View the print result.

In the result, there are 100 iterations in total and 100 subtrees generated. Subtrees 0, 1, and 99 are selected for display.

Test Error = 0.1687594970527827  // Predicted classification errors
Learned classification GBT model:
GBTClassificationModel (uid=gbtc_dbb4de23ca65) with 100 trees
Tree 0 (weight 1.0):  //Weight of each subtree
If (feature 818 <= 0.0028371200000000003) // The split point of the 818th dimension feature is 0.002831200000000003.
If (feature 1866 <= 0.0064008599999999995)

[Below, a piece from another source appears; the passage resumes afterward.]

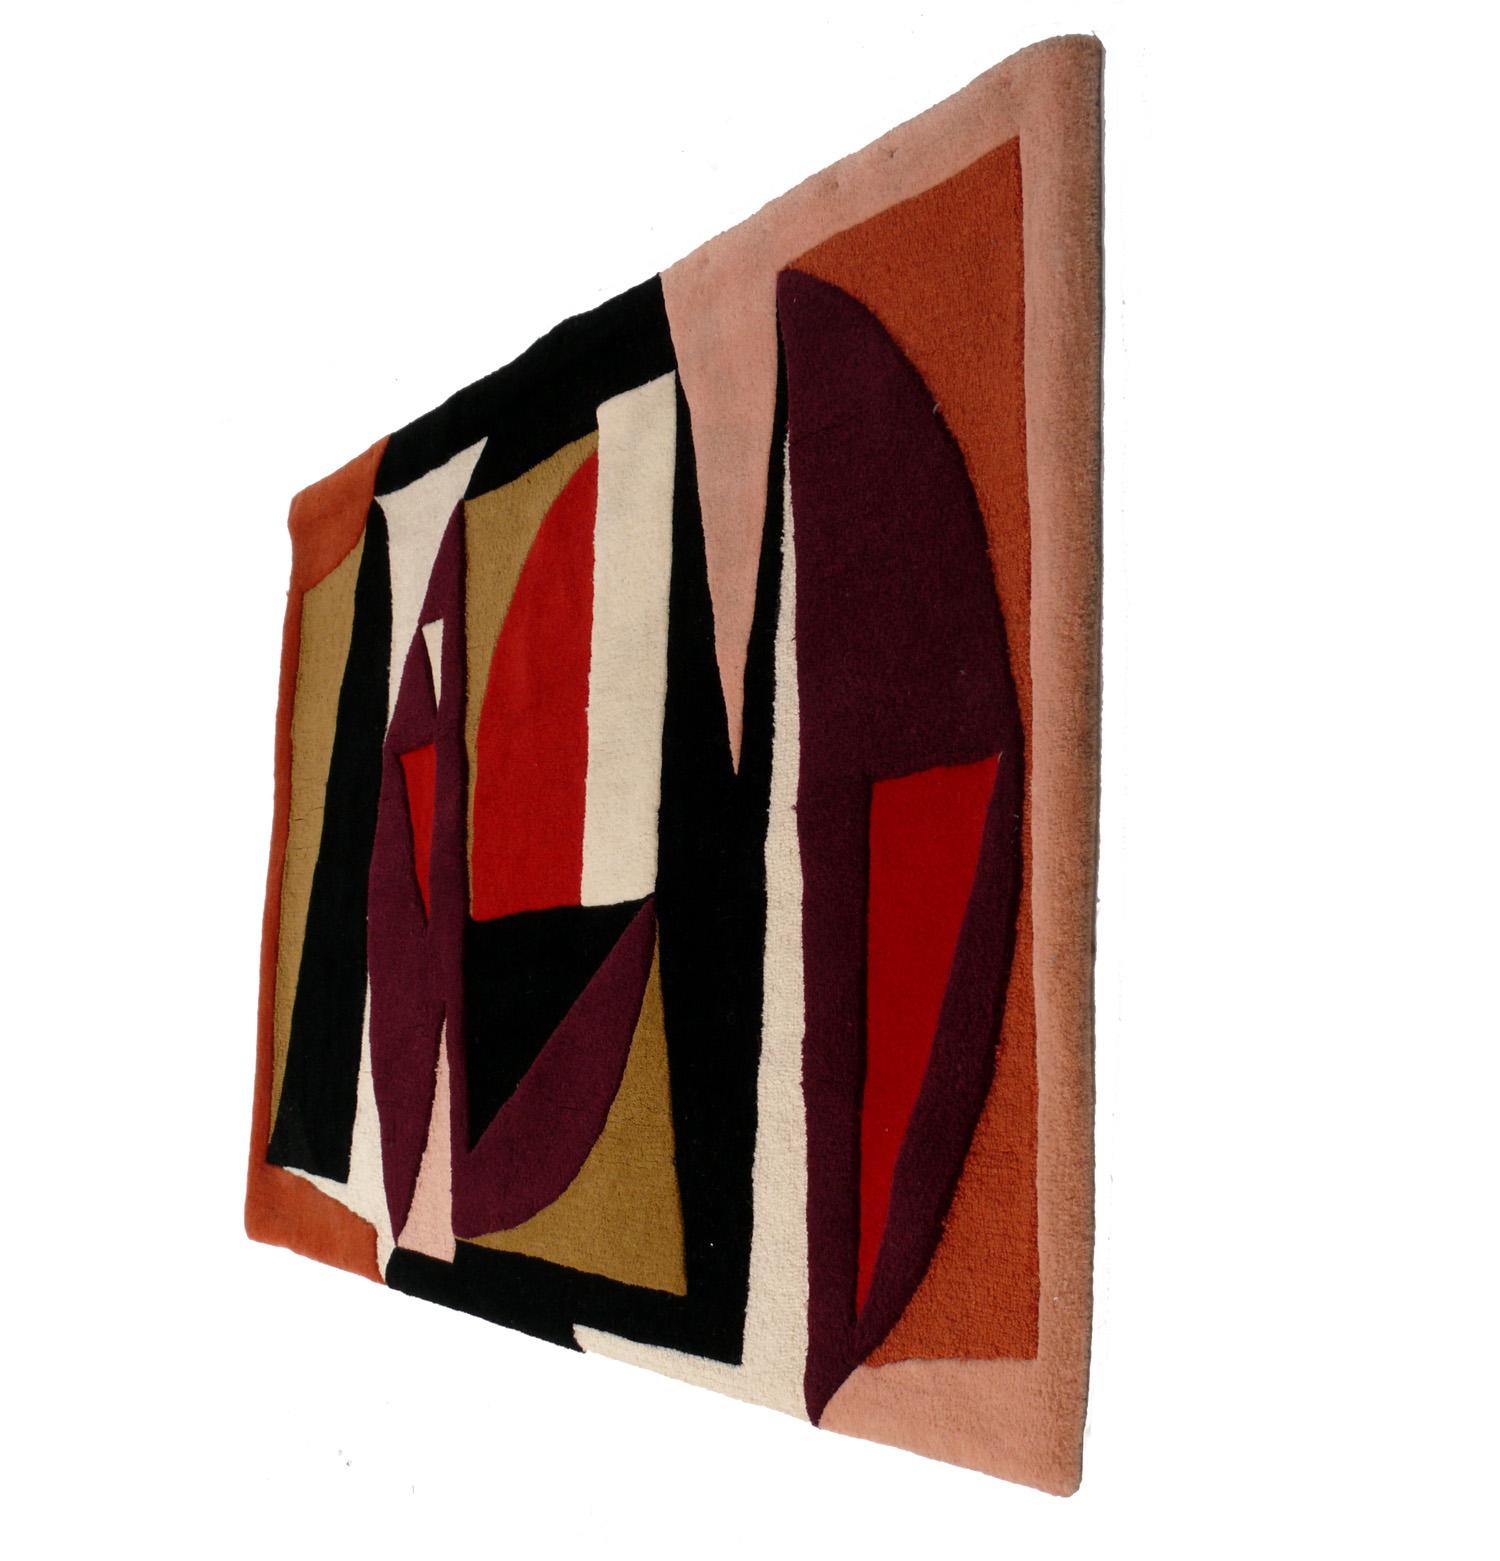 Colorful Modernist wool tapestry, after the Camocyn series of paintings that Victor Vasarely executed in the late 1940s - early 1950s. It measures an impressive 6 feet wide x 4 feet height. This tapestry is probably European, circa late 1950s -

If (feature 315 <= -0.0067819)
If (feature 789 <= -0.0100215)
If (feature 936 <= 0.0018099549999999998)
Predict: -0.21098494850805388 // Prediction result of subtree 0
Else (feature 936 > 0.0018099549999999998)
Predict: 0.15191210648637227
Else (feature 789 > -0.0100215)
If (feature 936 <= -4.79549E-4)
Predict: 0.17726731948384736
Else (feature 936 > -4.79549E-4)
Predict: 0.49173760640961445
Else (feature 315 > -0.0067819)
If (feature 789 <= -0.0100215)
If (feature 936 <= 0.00412001)
Predict: -0.5011764705882353
Else (feature 936 > 0.00412001)
Predict: -0.21027097384924862
Else (feature 789 > -0.0100215)
If (feature 649 <= -0.008577419999999999)
Predict: -0.20268122451800152
Else (feature 649 > -0.008577419999999999)
Predict: 0.12942312334057446
Else (feature 1866 > 0.0064008599999999995)
If (feature 1697 <= 0.02054865)
If (feature 649 <= -0.00122175)
If (feature 315 <= 1.620675E-4)
Predict: 0.31944546321425954
Else (feature 315 > 1.620675E-4)
Predict: -0.014997100008285691
Else (feature 649 > -0.00122175)
If (feature 315 <= 0.01095895)
Predict: 0.5328728914862532
Else (feature 315 > 0.01095895)
Predict: 0.2712697181277476
Else (feature 1697 > 0.02054865)
If (feature 649 <= -0.008577419999999999)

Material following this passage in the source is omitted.